The venography conducted at the proximal segment of the SMV demonstrated significant stenosis and the presence of multiple collateral venous vessels, predominantly draining around the antral region of the stomach (Figure 3B).
The 4F introducer sheath was exchanged for a 6F sheath.
The stenosis was dilatated with an 8 mm balloon catheter (Advance® 35LP Low-Profile PTA Balloon Dilatation Catheter—Cook Medical, Bloomington, IN, USA) using a 0.035 Amplatz Extra Stiff guidewire (Extra-Stiff Straight—PTFE-Coated Stainless Steel—Cook Medical, Bloomington, IN, USA) (Figure 4A).
New venography was performed, demonstrating a significant reduction in collateral vessel flow and satisfactory flow into the portal vein (Figure 4B).
Despite achieving a favorable outcome with venoplasty, we opted to stent the SMV stenosis due to the elevated risk of restenosis and to avoid potential complications during future interventions.
From a conservative perspective, stents are generally reserved for cases of intraprocedural recoil or early restenosis following technically successful venoplasty [28]. Funaki and colleagues [29] observed that 12 out of 19 patients undergoing percutaneous intervention for portal vein stenosis post-liver transplantation required stent placement. The patency of the stents was 100% at 3 years. For portomesenteric interventions, the primary stent patency rate was 76% with a mean imaging follow-up period of 8.6 months according to the study by Vamshi K. Mungu et al. [16].

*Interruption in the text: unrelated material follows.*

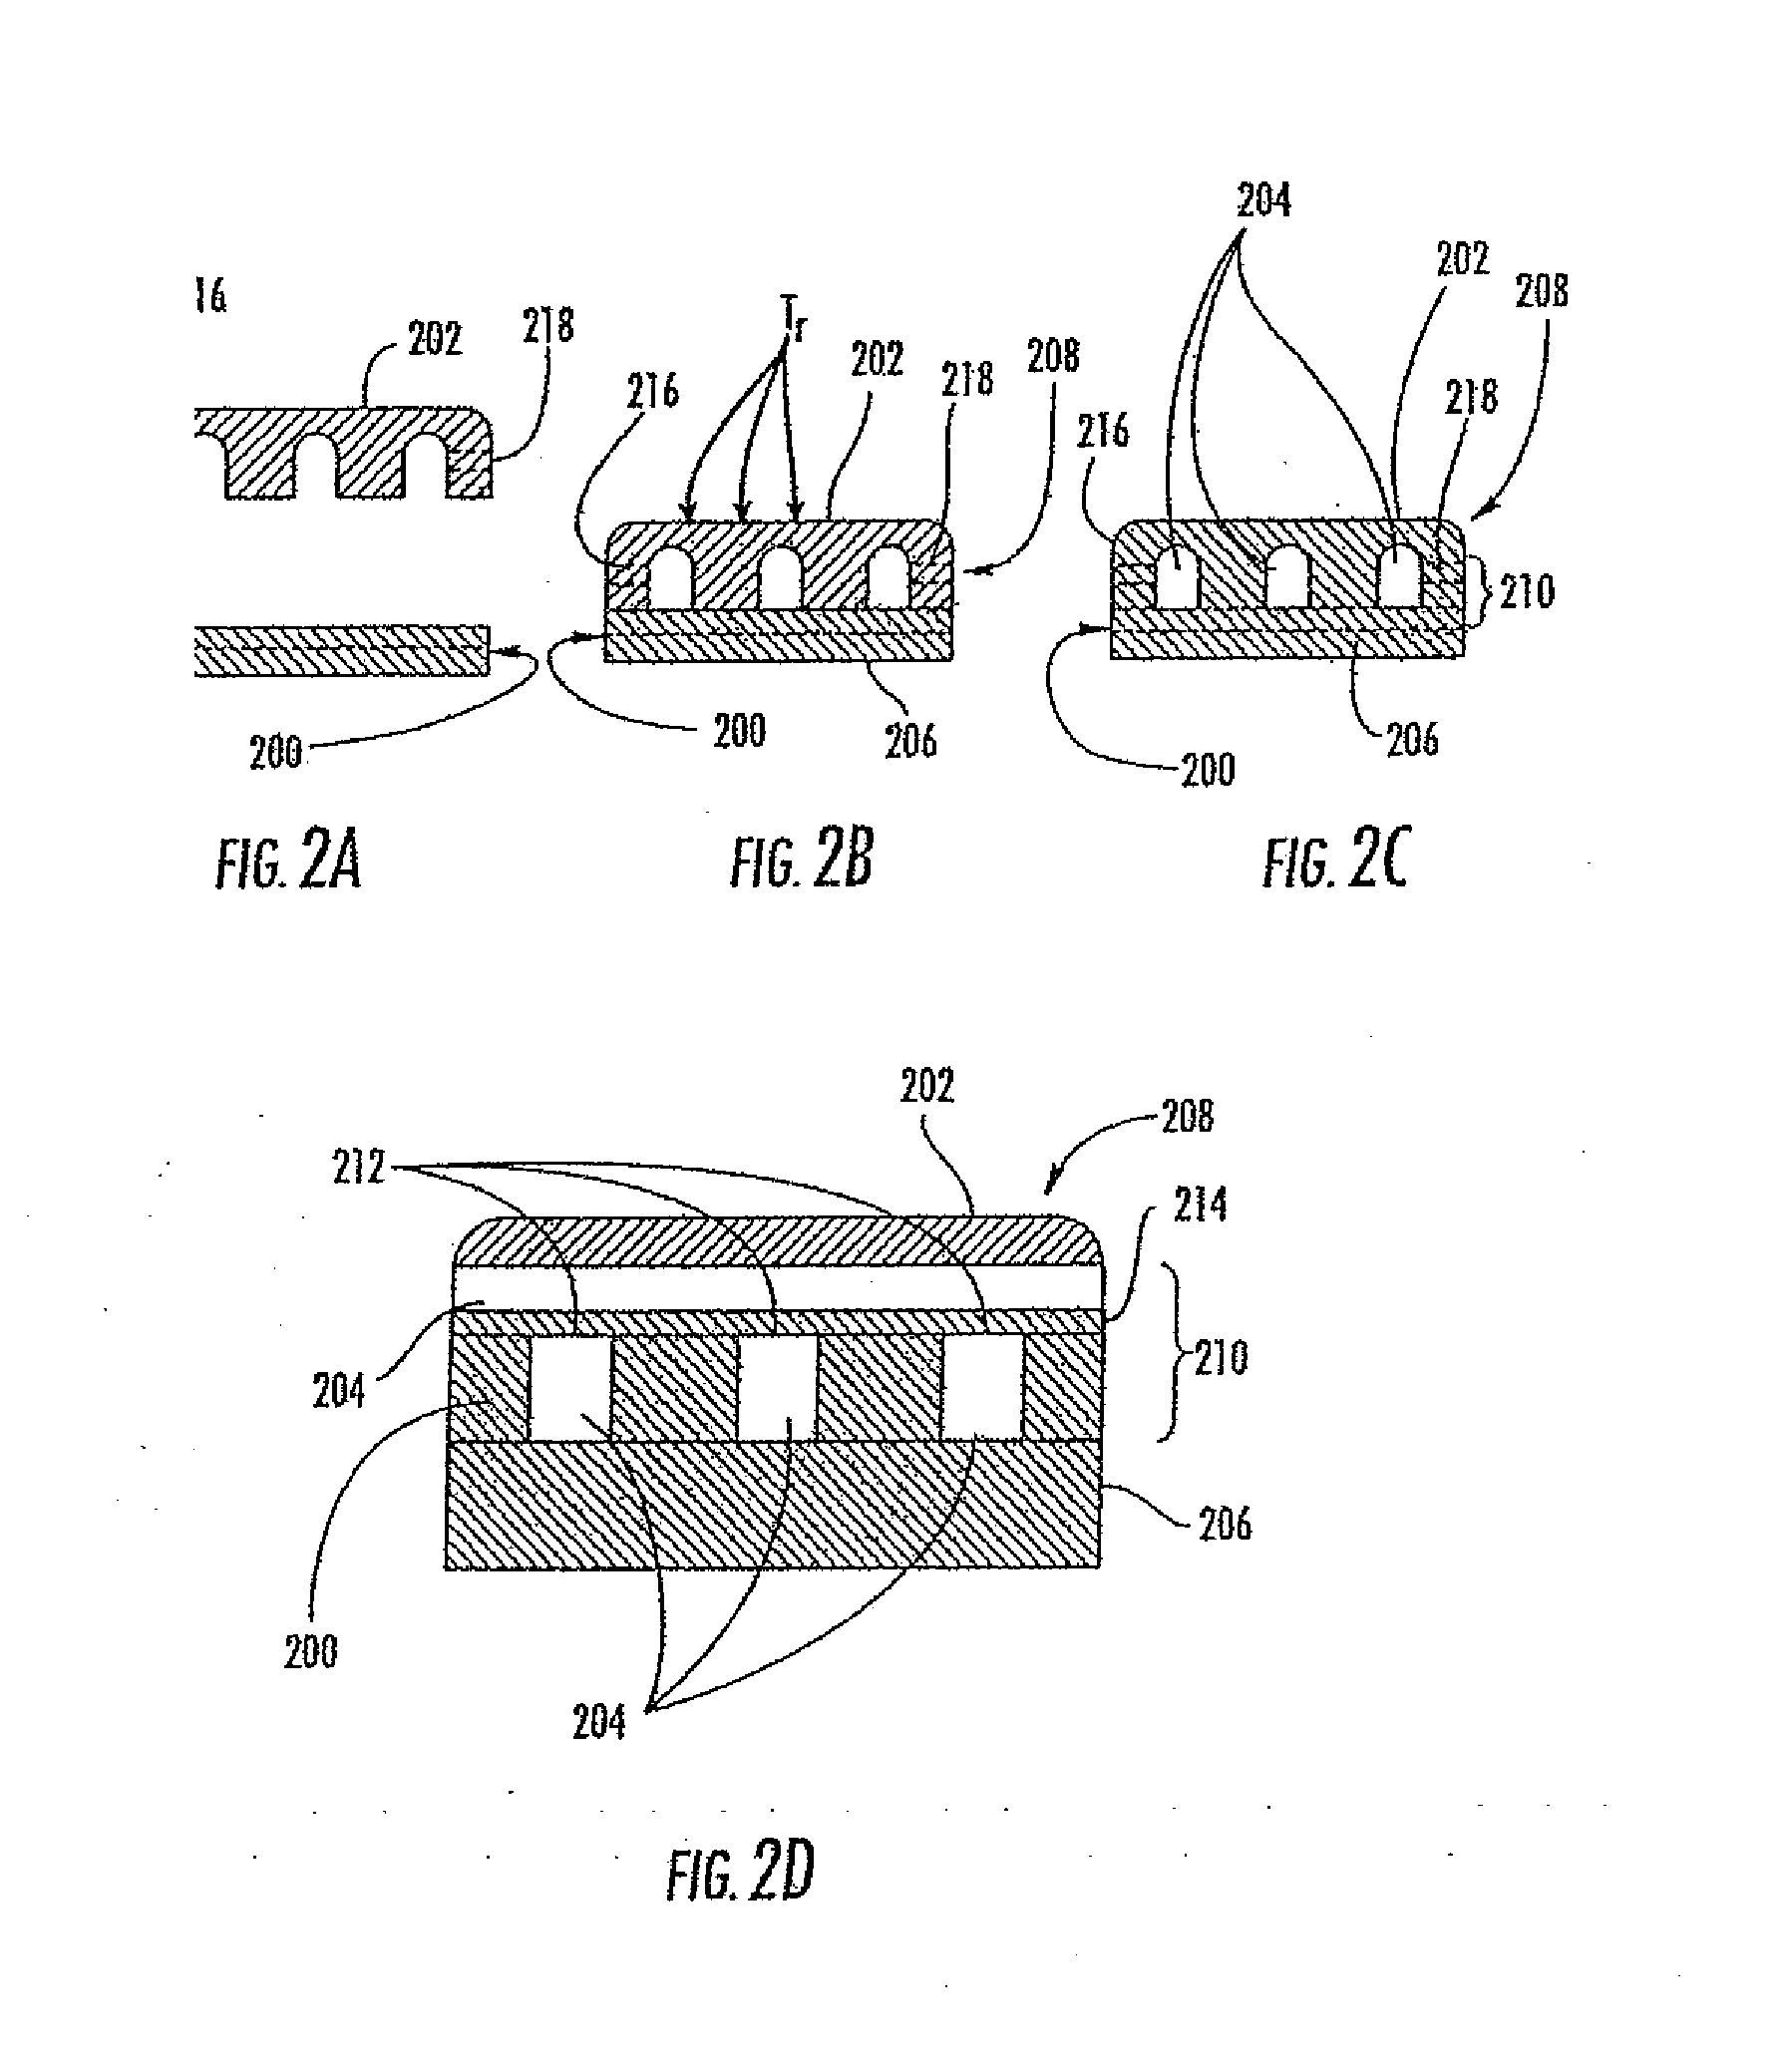 Methods and materials for fabricating microfluidic devices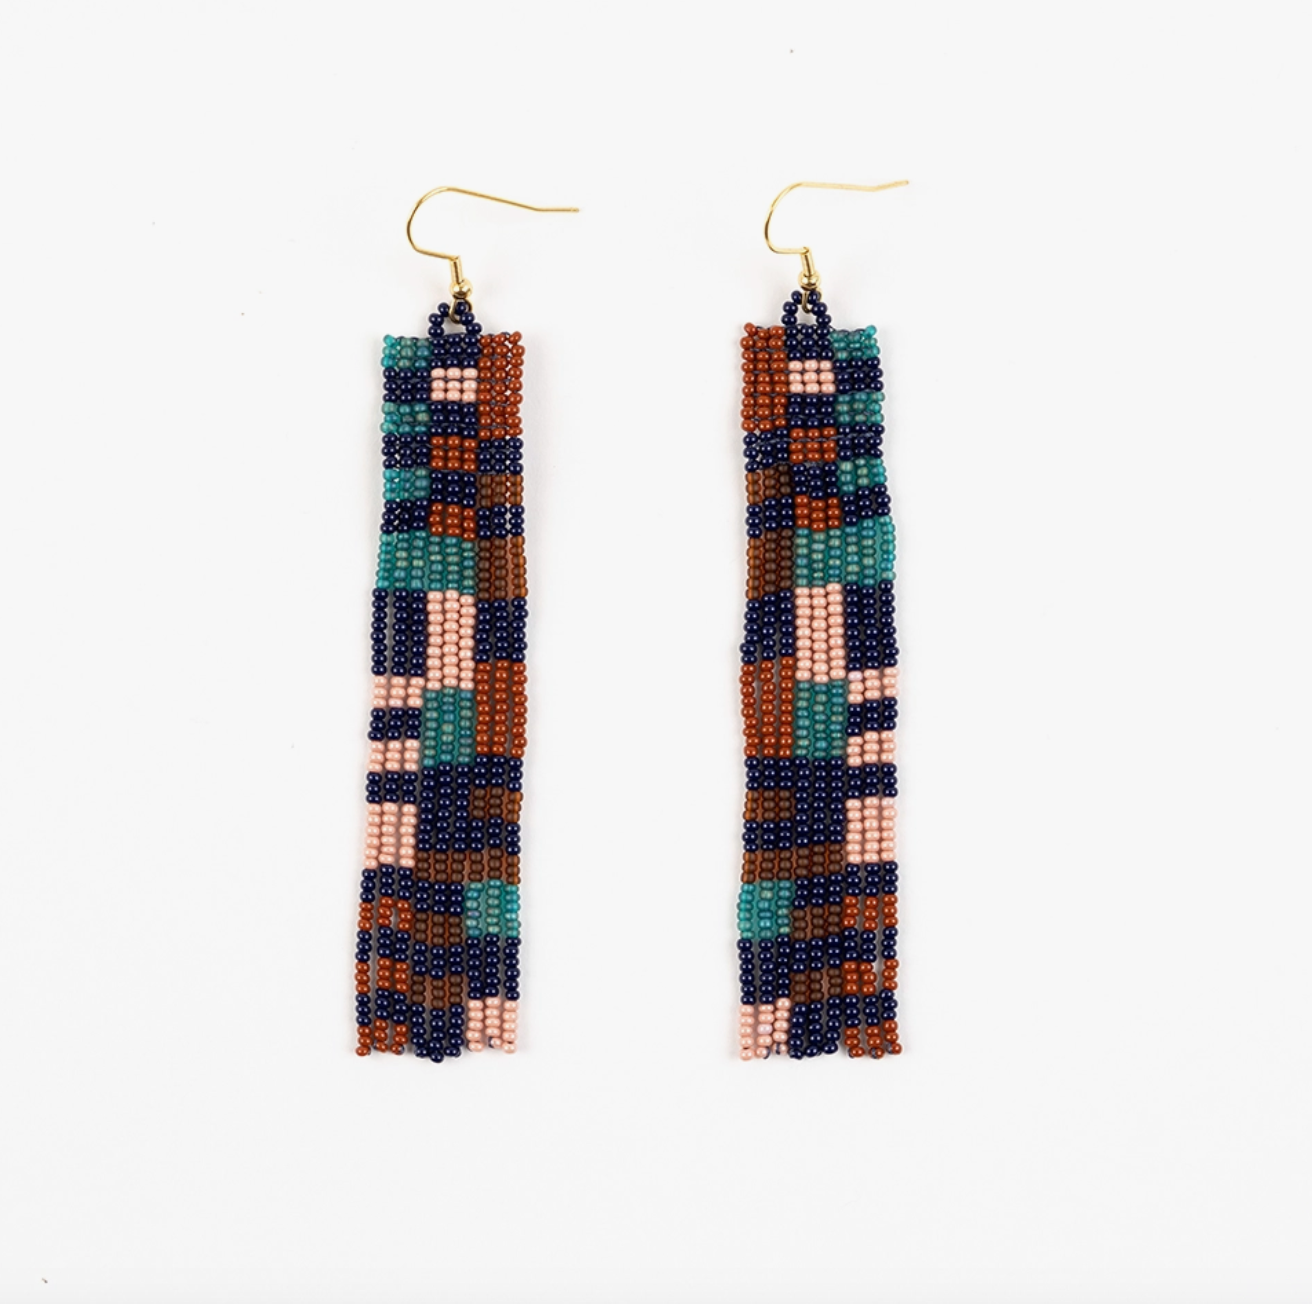 Long hand beaded earrings in blue, teal, rust and pink.

The subsequent intervention involved the placement of an 8 mm self-expanding stent with a 40 mm length (Zilver Flex® Vascular Self-Expanding Stent—Cook Medical, Bloomington, IN, USA) across the identified stenosis.
The control venography showed an improved flow into the portal vein (Figure 5).
The puncture tract was occluded with a combination of gelfoam and a contrast medium, which was administered through the sheath. While the literature describes various techniques for the occlusion of the puncture tract [30,31], our experience has demonstrated favorable outcomes with gelfoam closure specifically in portal stenting cases involving liver transplant and oncological patients.
There were no complications associated with the procedure.
Five days post-procedure, the patient was administered a therapeutic dose of low-molecular-weight heparin (LMWH).
The patient was discharged five days post-procedure in excellent health status, presenting no complaints.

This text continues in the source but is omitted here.